### SUPPLIED DATA
-- Opening Marker --

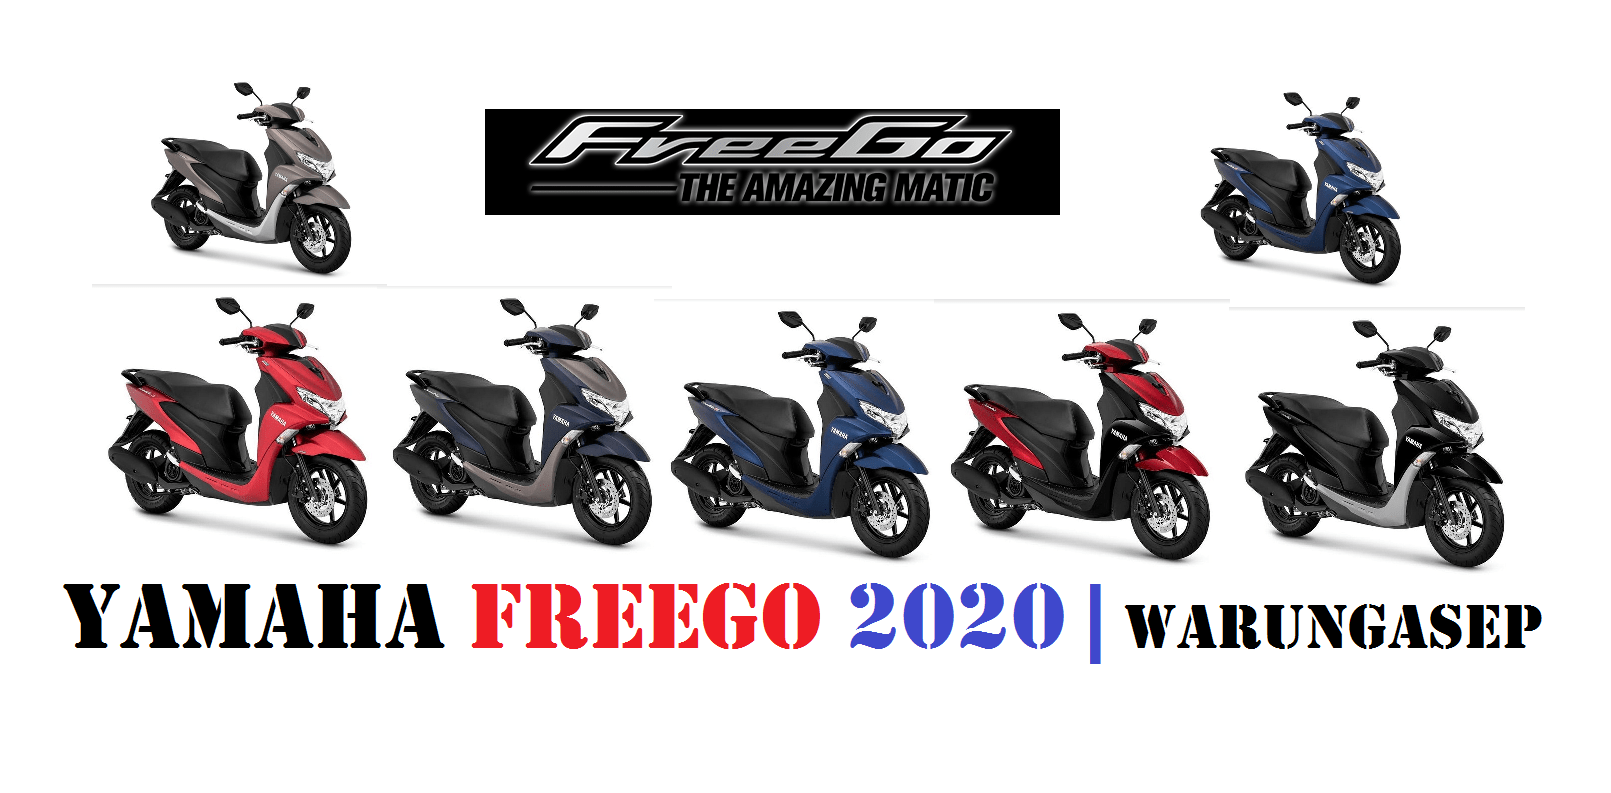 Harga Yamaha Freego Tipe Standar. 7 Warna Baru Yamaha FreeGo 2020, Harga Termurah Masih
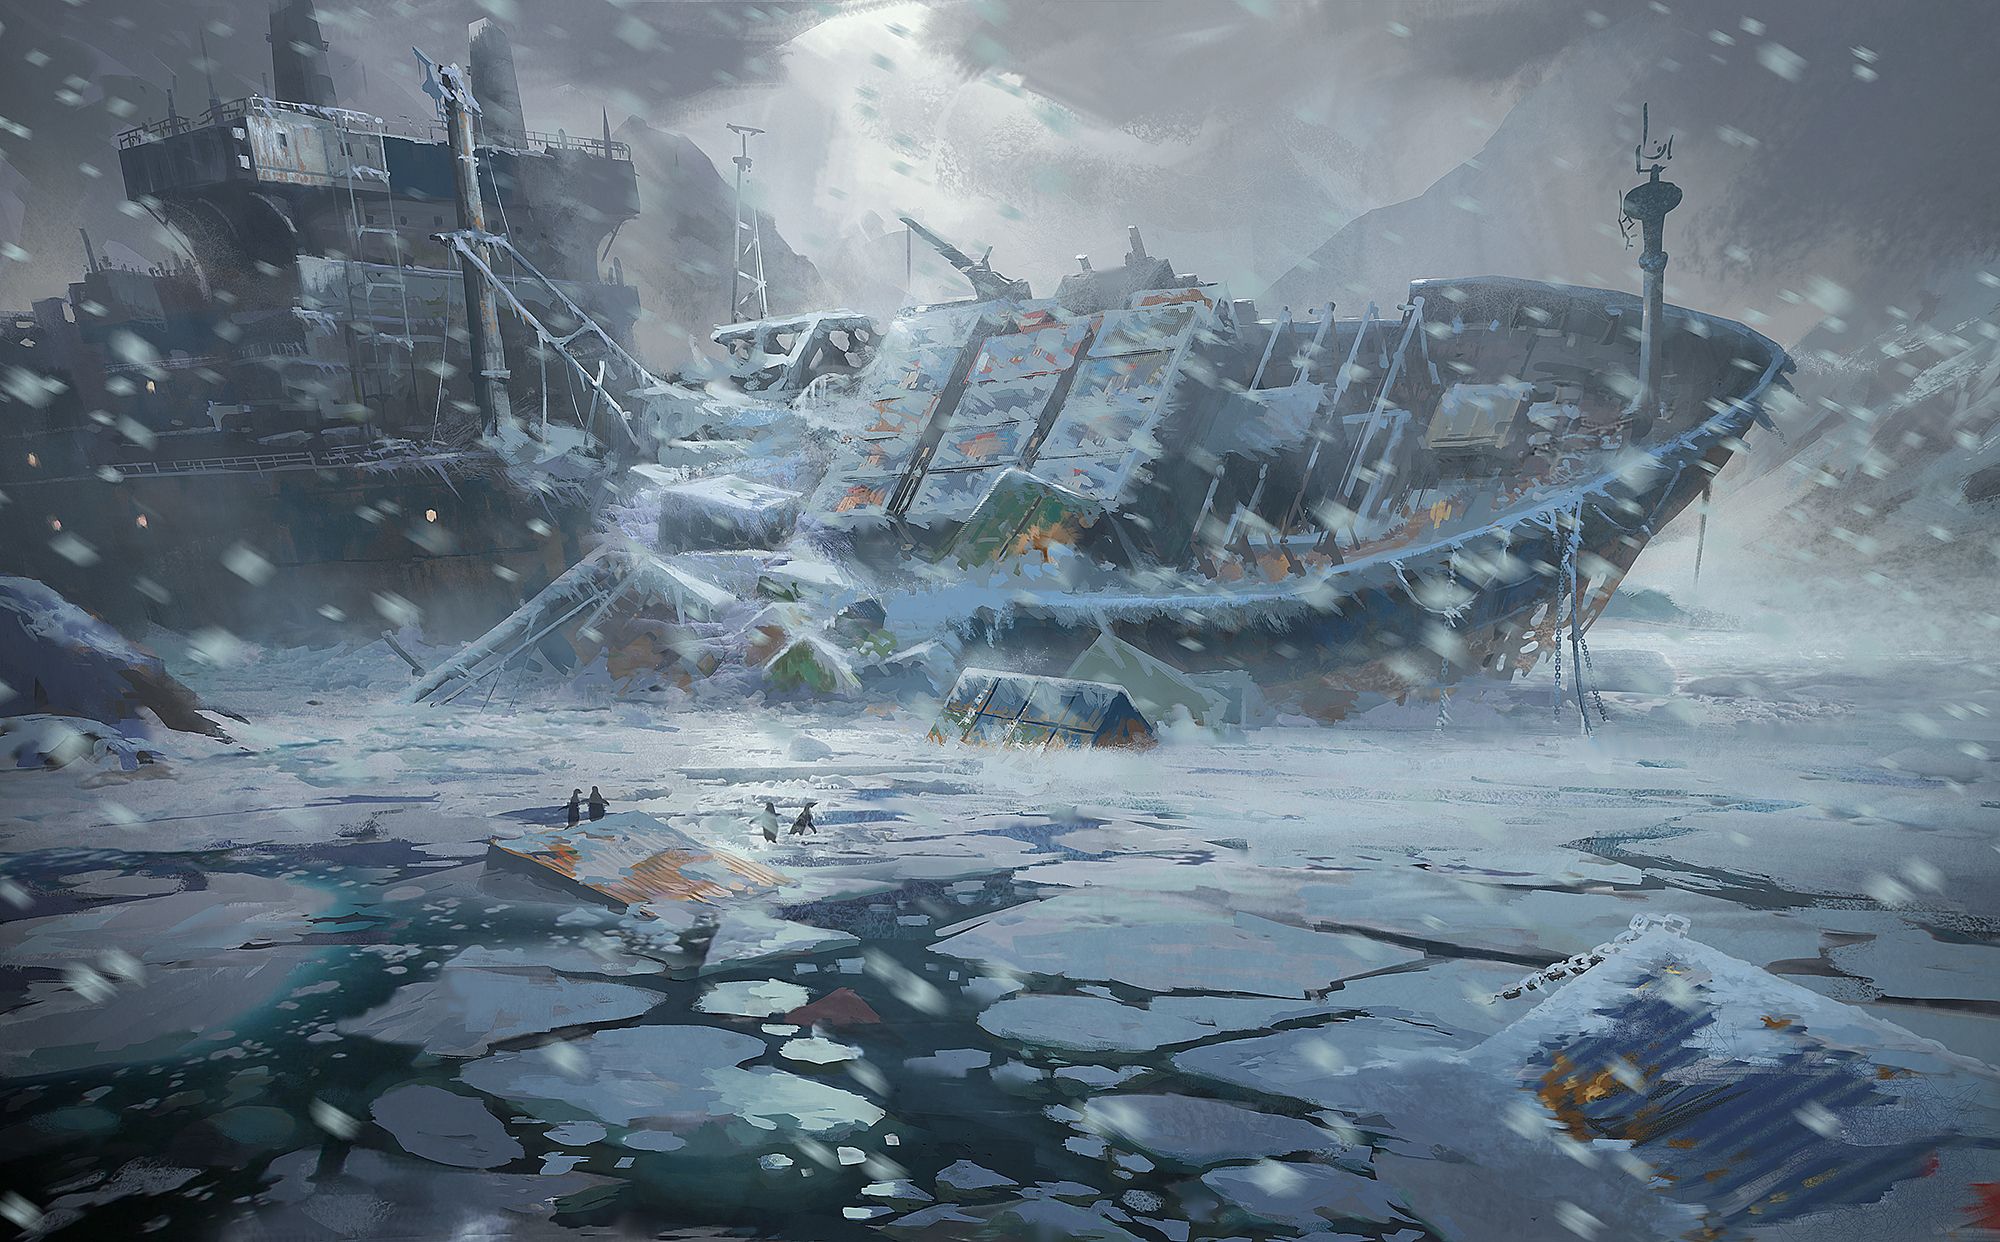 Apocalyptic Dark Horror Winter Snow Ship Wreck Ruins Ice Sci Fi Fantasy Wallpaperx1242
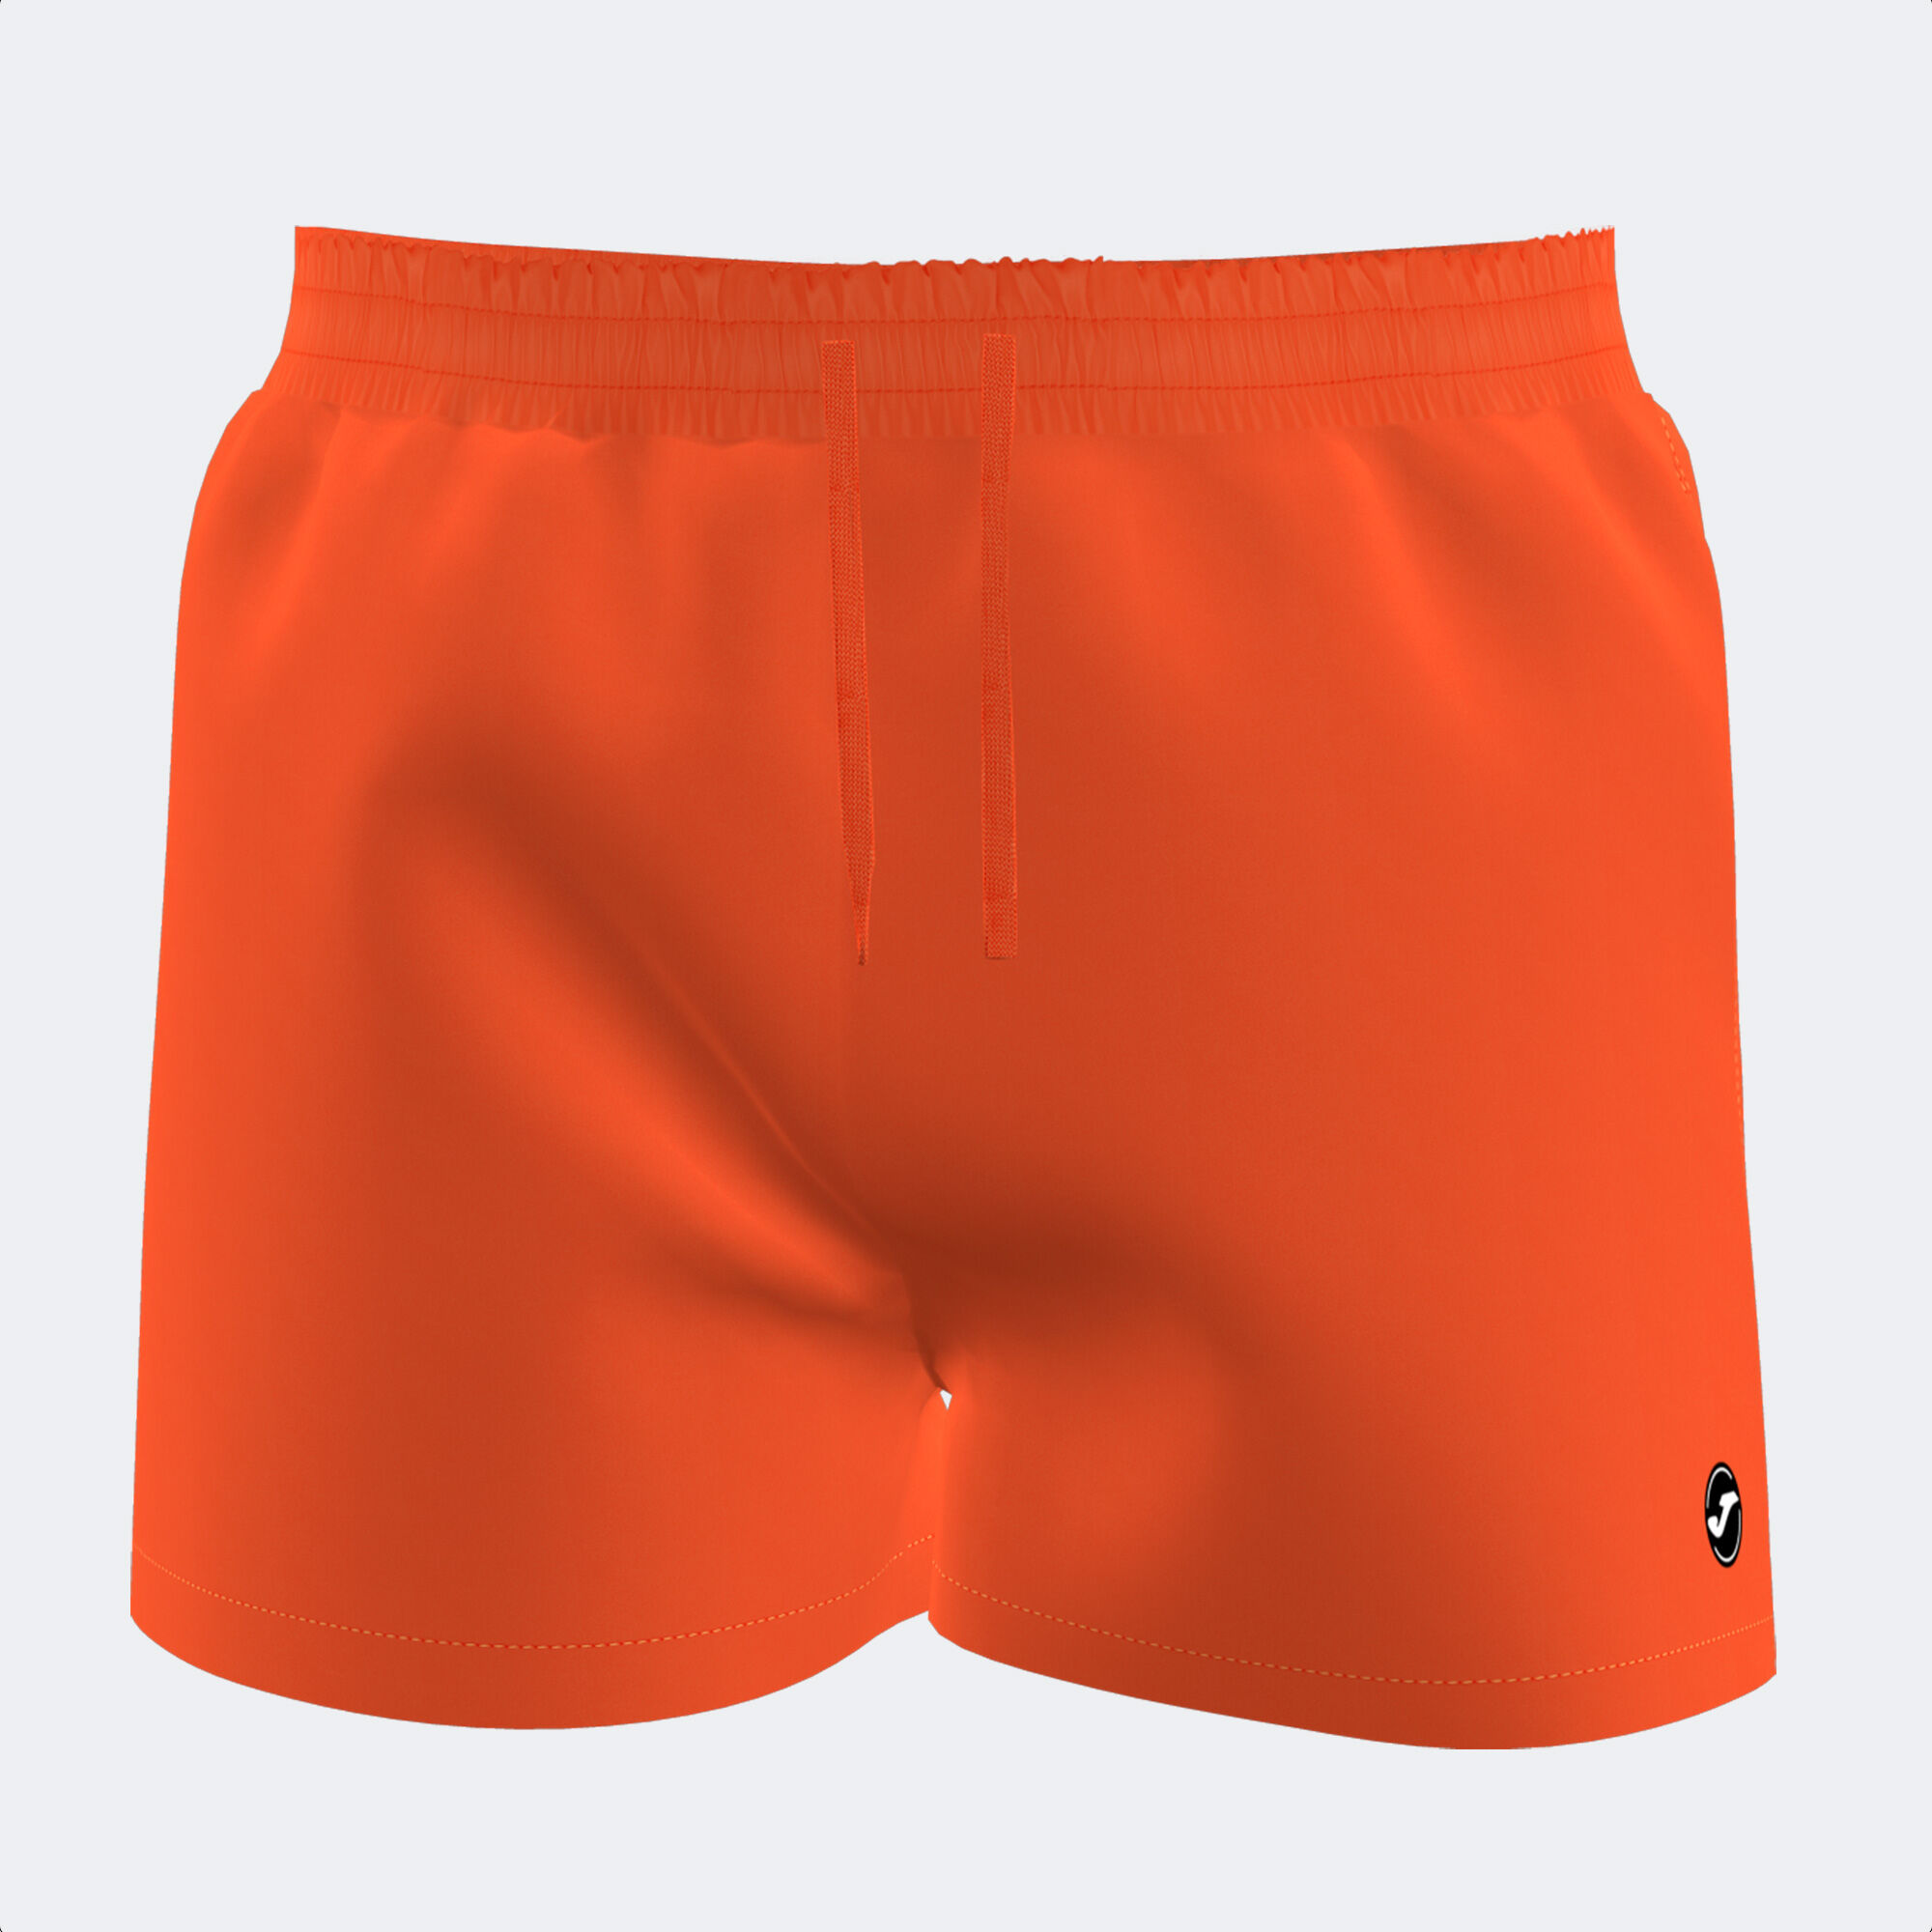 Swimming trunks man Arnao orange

-- Closing Marker --

### PROBLEM STATEMENT
Write out everything in the data word for word. Omit each picture.

### ANSWER TO THIS PROBLEM
 Harga Yamaha Freego Tipe Standar. 7 Warna Baru Yamaha FreeGo 2020, Harga Termurah Masih
 Apocalyptic Dark Horror Winter Snow Ship Wreck Ruins Ice Sci Fi Fantasy Wallpaperx1242
 Swimming trunks man Arnao orange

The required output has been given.